Across Manhattan and Brooklyn, rents were down and inventory was up during August, offering uncommon opportunities for apartment hunters.

The Corcoran Group recently released our Manhattan and Brooklyn Rental Market Analysis for August 2020. Renters in New York continue to experience comparatively favorable conditions, both in terms of value and choice.

During the month, overall Manhattan rents declined year-over-year, most notably for studio and one-bedroom homes. Pricing for these apartment types fell 9% and 11% respectively since August 2019.

Across the East River in Brooklyn, rents were down across the board when compared to last year. However, rentals in the borough experienced the most substantial declines in the two- and three-bedroom market.
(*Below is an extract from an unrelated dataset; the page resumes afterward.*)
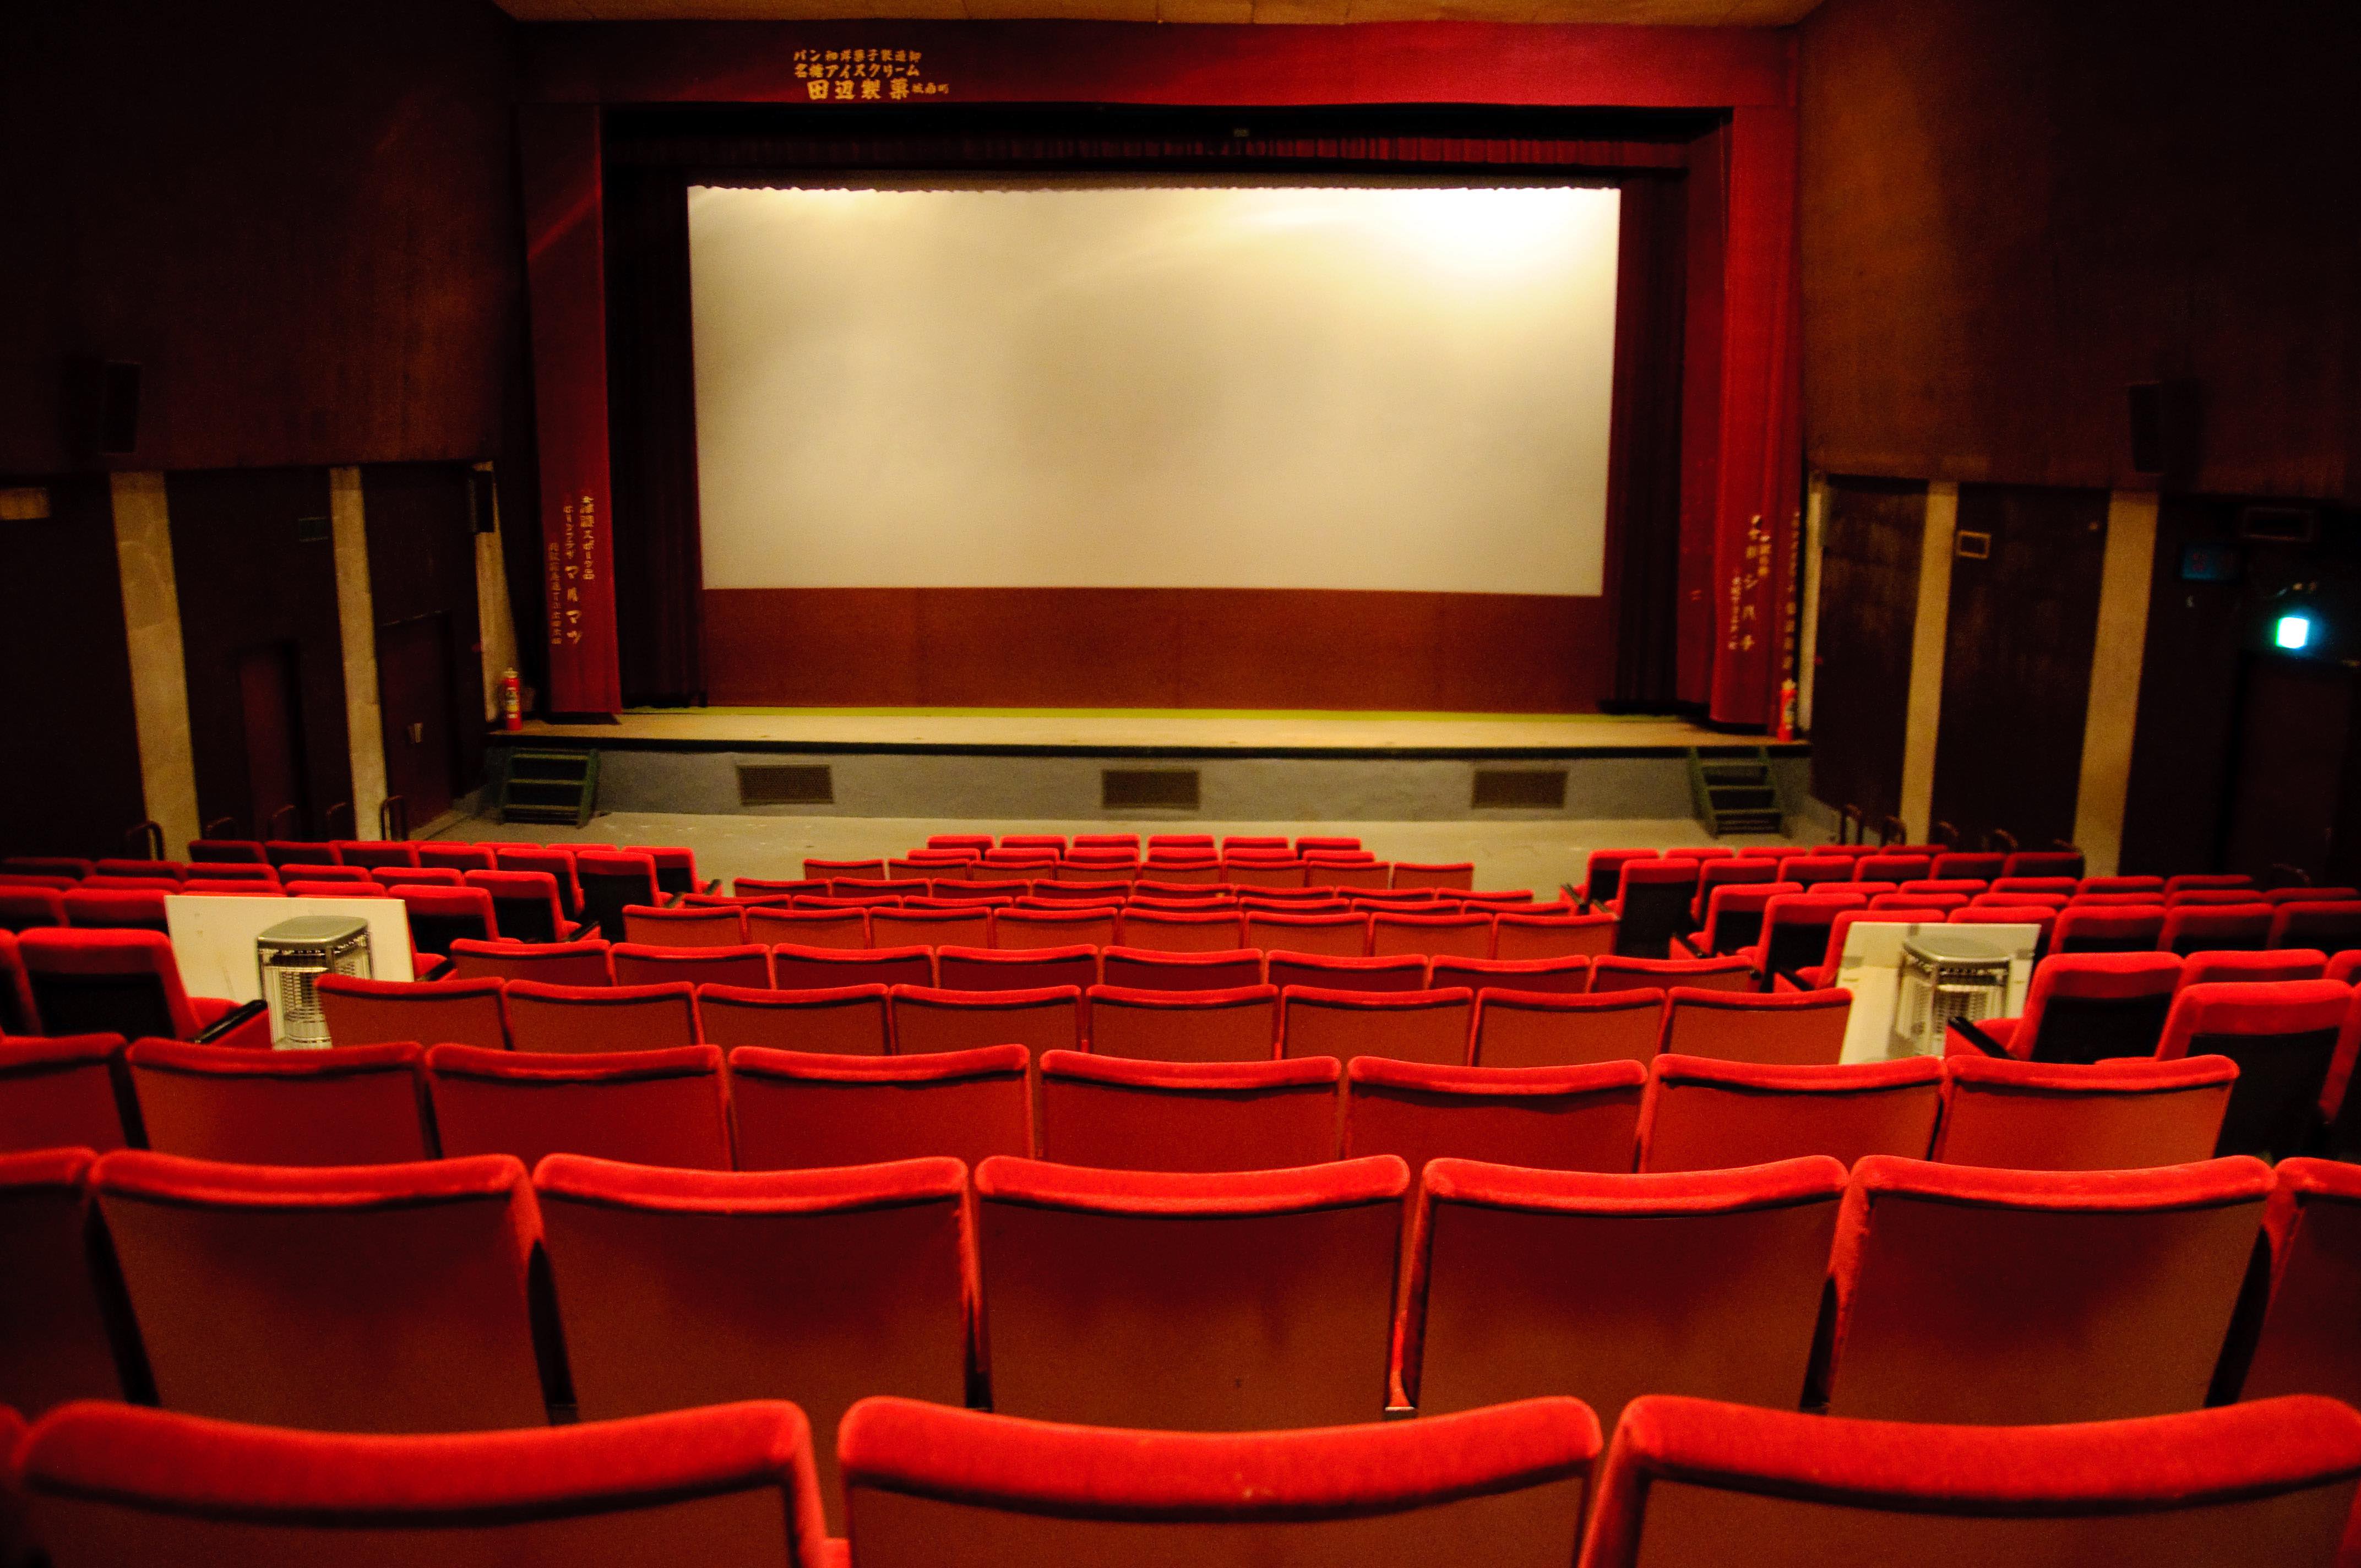 Loud movies at the movie theater can seriously damage hearing

Two-bedroom rents fell 11%, while the discount hit 18% for three-bedroom units.

The vacancy rate has now topped 4%, reaching a new record — since at least the year 2007, when we began tracking this statistic. In August 2020, 4.19% of apartments were vacant, compared to 3.52% in July, and 1.17% last August.

When examining concessions, a full 50% of rental transactions brokered by The Corcoran Group offered a free month’s rent and/or payment of the broker fee to entice new tenants in August 2020 — up slightly from 48% in July.

Additional relevant findings of the August 2020 Corcoran rental report are outlined below.

  • In August 2020, the average monthly rental price for a Manhattan studio was $2,265. For one-bedroom homes, the average was $2,900.  For two-bedrooms, the average rent was $4,012. Finally, the average three-bedroom apartment rented for $6,006.

Brooklyn studio apartments (in the 14 neighborhoods studied) rented for $2,426 per month on average. For Brooklyn one-bedrooms, the average rent was $2,902 — while rents for two- and three-bedrooms clocked in at $3,755 and $4,532 respectively.

  • The most expensive Manhattan neighborhood for renters in August was the West Village with a median rent of $3,550.  Midtown East was the second-priciest area — with a median rent of $3,544. Please note, due to limited activity, SoHo/TriBeCa and The Financial District/Battery Park City were not included in this month’s analysis.

For Brooklyn, DUMBO was the most expensive neighborhood in August with a median rent of $4,425 — followed by Boerum Hill, which had a median rent of $3,545 per month.

  • With a vacancy rate of 3.23%, the Financial District/Battery Park City was the Manhattan neighborhood with the least inventory in August 2020, followed by Murray Hill at 3.44%.  On the other end of the spectrum, the vacancy rate was highest in the East Village (at 7.12%) and Midtown East (at 5.17%).